Behold, &c.--Two Messianic predictions are here combined, as is not unusual in quotations from the Old Testament. Thus combined, the prediction brings together both the classes of whom the apostle is treating: those to whom Messiah should be only a stone of stumbling, and those who were to regard Him as the Cornerstone of all their hopes.
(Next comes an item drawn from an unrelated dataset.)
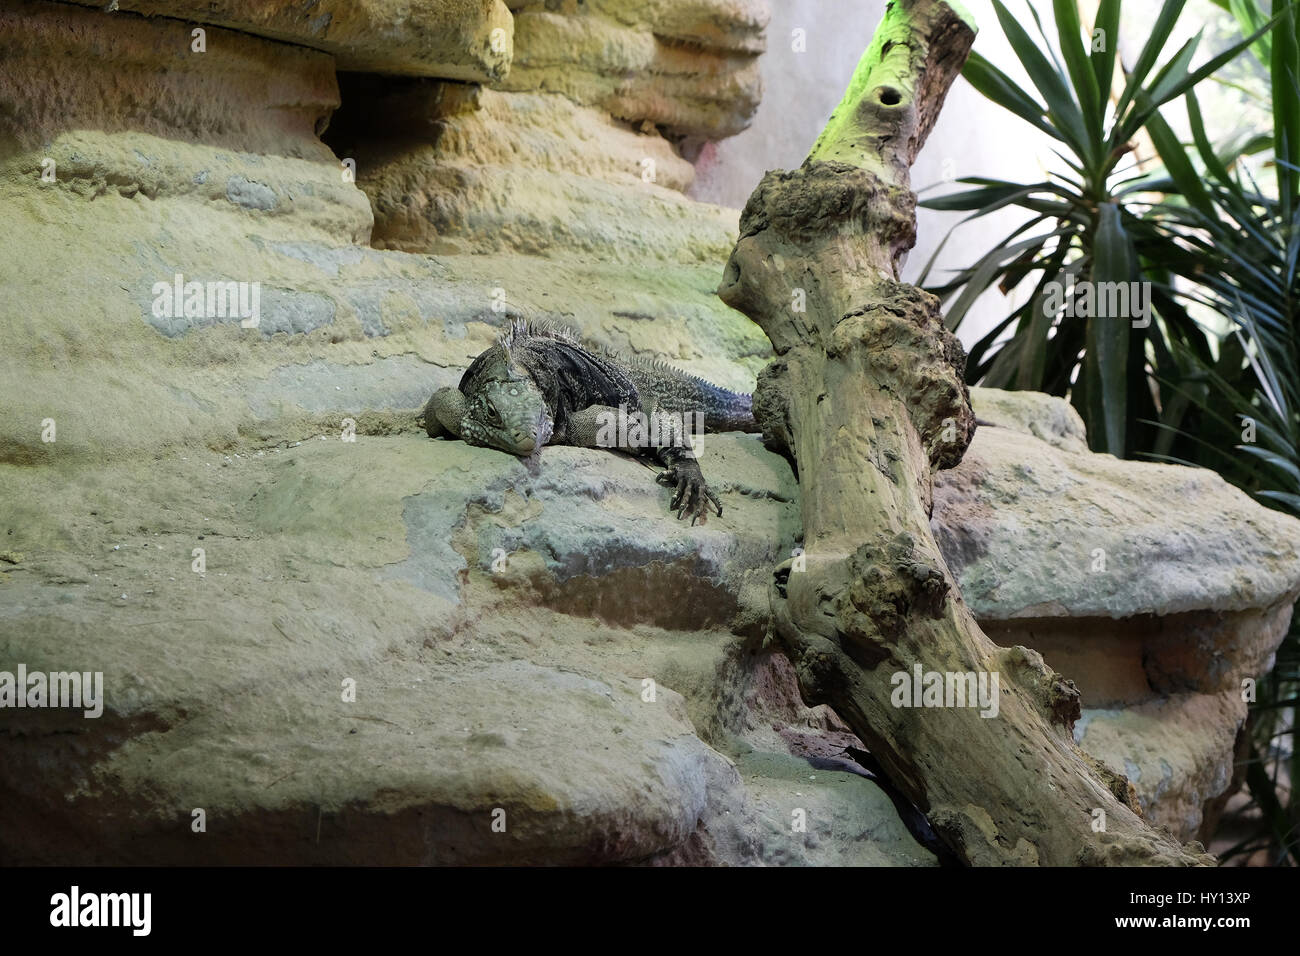 Rock cubano iguana (Cyclura nubila), noto anche come il suolo cubano iguana Foto Stock

Thus expounded, this chapter presents no serious difficulties, none which do not arise out of the subject itself, whose depths are unfathomable; whereas on every other view of it the difficulty of giving it any consistent and worthy interpretation is in our judgment insuperable.
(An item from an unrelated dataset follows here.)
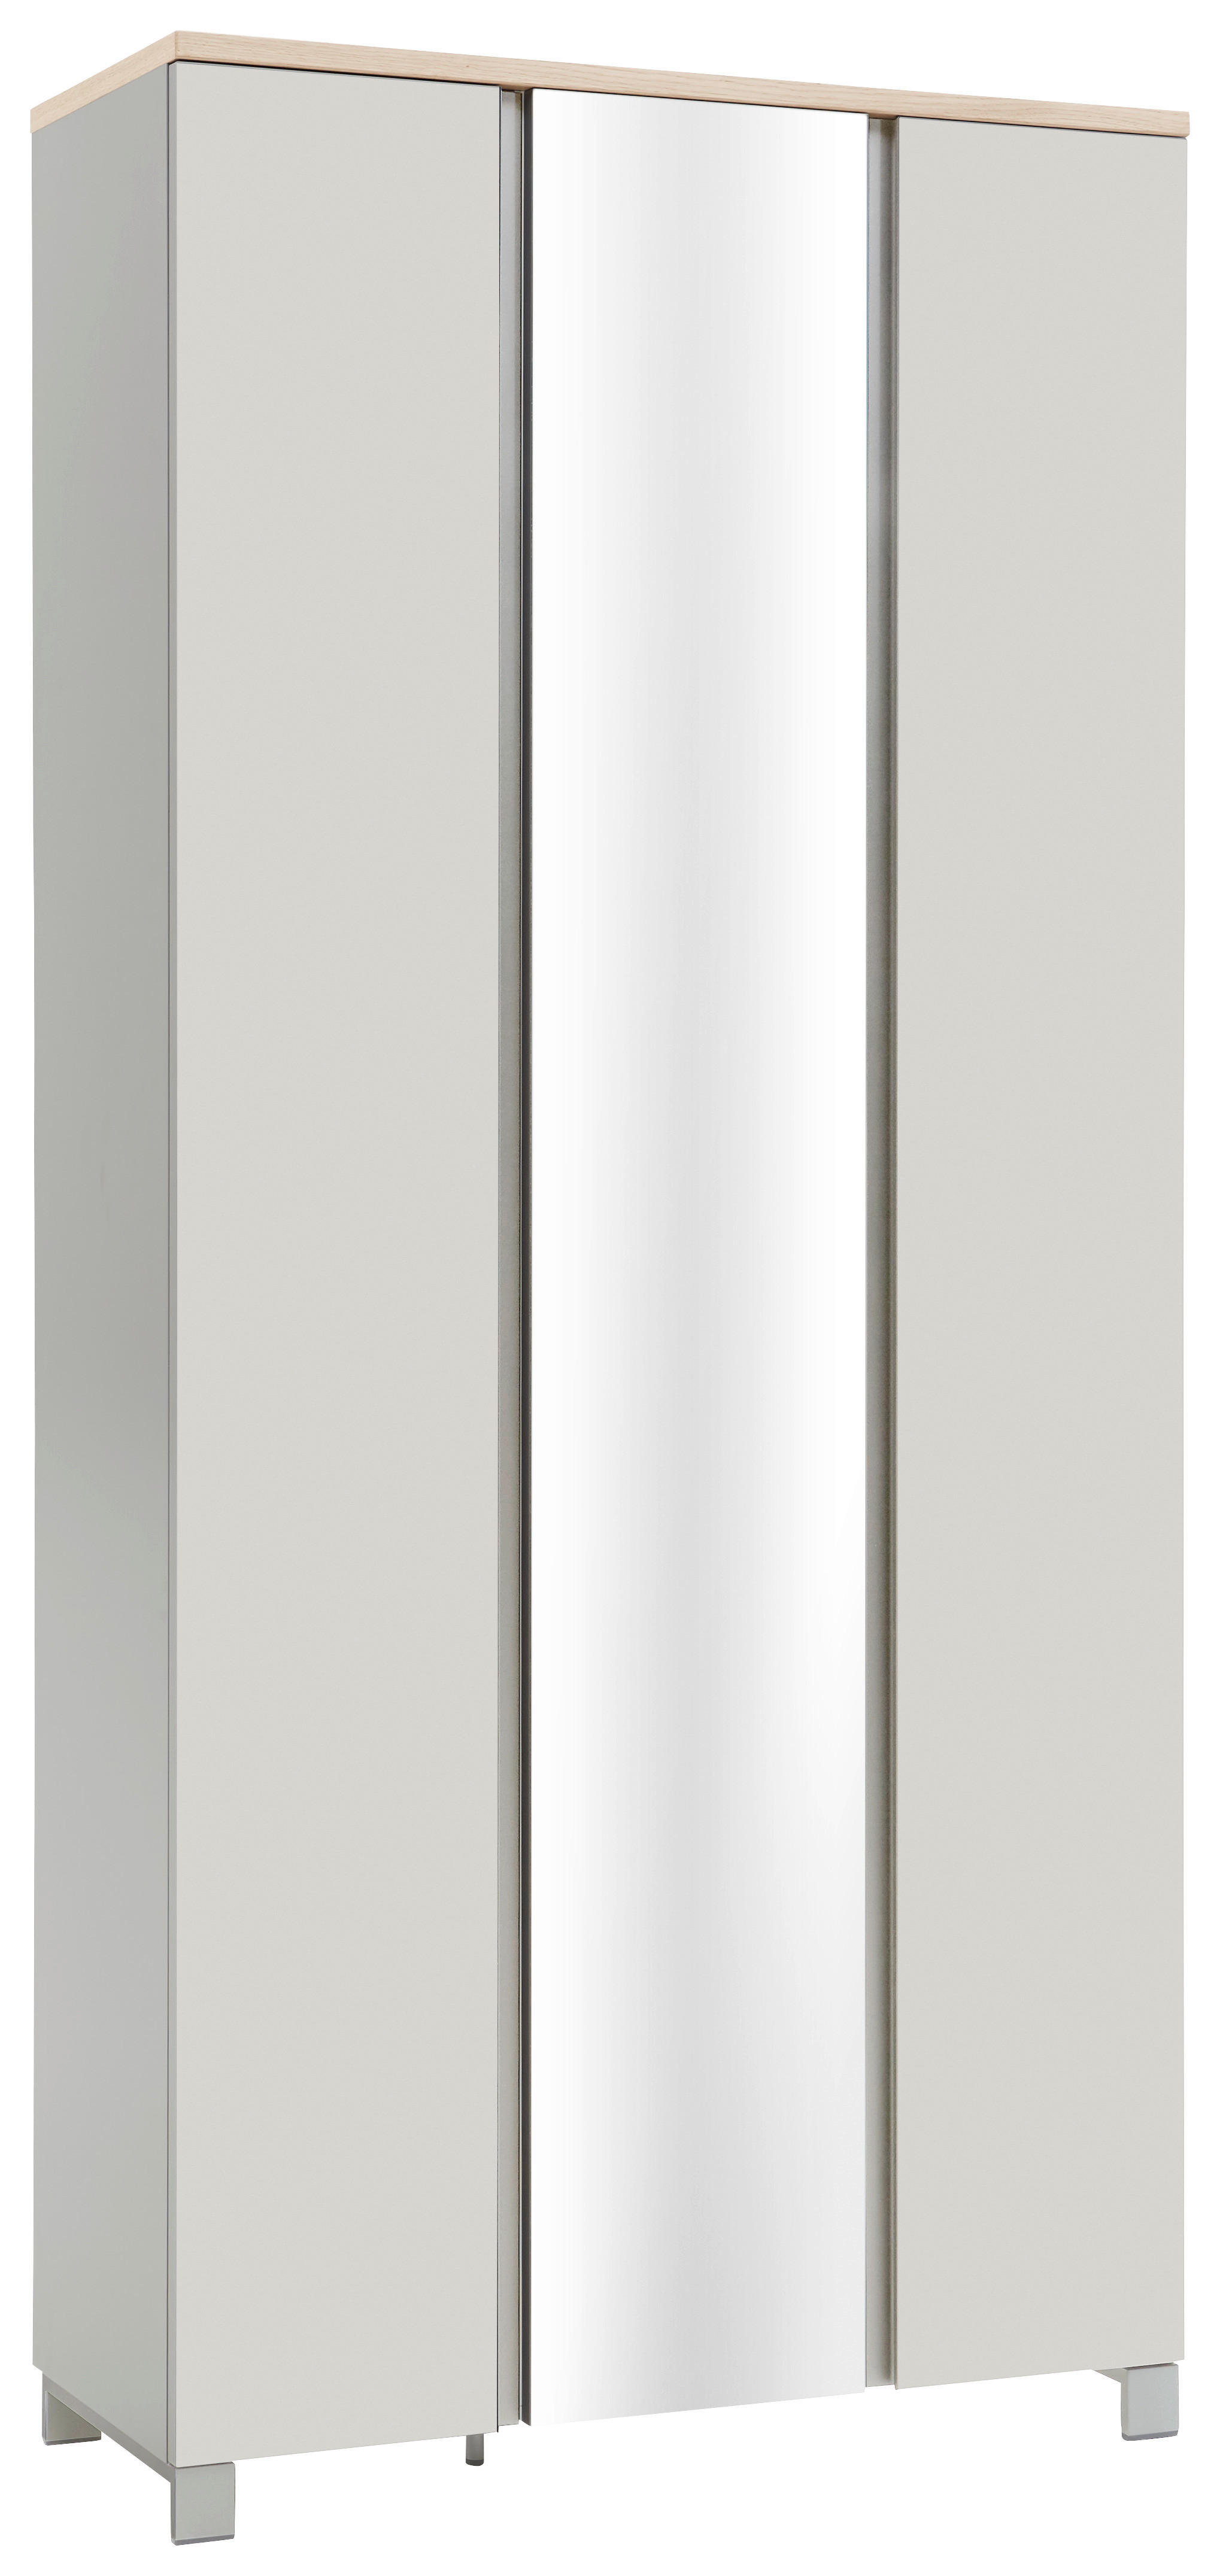 GARDEROBENSCHRANK 89/193/37 cm  - Eichefarben/Silberfarben, Design, Holz/Holzwerkstoff (89/193/37cm) - Dieter Knoll

Note, (1) To speak and act "in Christ," with a conscience not only illuminated, but under the present operation of the Holy Ghost, is not peculiar to the supernaturally inspired, but is the privilege, and ought to be the aim, of every believer ( Romans 9:1 ). (2) Grace does not destroy, but only intensify and elevate, the feelings of nature; and Christians should study to show this ( Romans 9:2 Romans 9:3 ). (3) To belong to the visible Church of God, and enjoy its high and holy distinctions, is of the sovereign mercy of God, and should be regarded with devout thankfulness ( Romans 9:4 Romans 9:5 ). (4) Yet the most sacred external distinctions and privileges will avail nothing to salvation without the heart's submission to the righteousness of God ( Romans 9:31-33 ). (5) What manner of persons ought "God's elect" to be--in humility, when they remember that He hath saved them and called them, not according to their works, but according to His own purpose and grace, given them in Christ Jesus before the world began ( 2 Timothy 1:9 ); in thankfulness, for "Who maketh thee to differ, and what hast thou that thou didst not receive?" ( 1 Corinthians 4:7 ); in godly jealousy over themselves; remembering that "God is not mocked," but "whatsoever a man soweth that shall he also reap" ( Galatians 6:7 ); in diligence "to make our calling and election sure" ( 2 Peter 1:10 ); and yet in calm confidence that "whom God predestinates, and calls, and justifies, them (in due time) He also glorifies" ( Romans 8:30 ). (6) On all subjects which from their very nature lie beyond human comprehension, it will be our wisdom to set down what God says in His word, and has actually done in His procedure towards men, as indisputable, even though it contradict the results at which in the best exercise of our limited judgment we may have arrived ( Romans 9:14-23 ). (7) Sincerity in religion, or a general desire to be saved, with assiduous efforts to do right, will prove fatal as a ground of confidence before God, if unaccompanied by implicit submission to His revealed method of salvation ( Romans 9:31-33 ). (8) In the rejection of the great mass of the chosen people, and the inbringing of multitudes of estranged Gentiles, God would have men to see a law of His procedure, which the judgment of the great day will more vividly reveal that "the last shall be first and the first last" ( Matthew 20:16 ).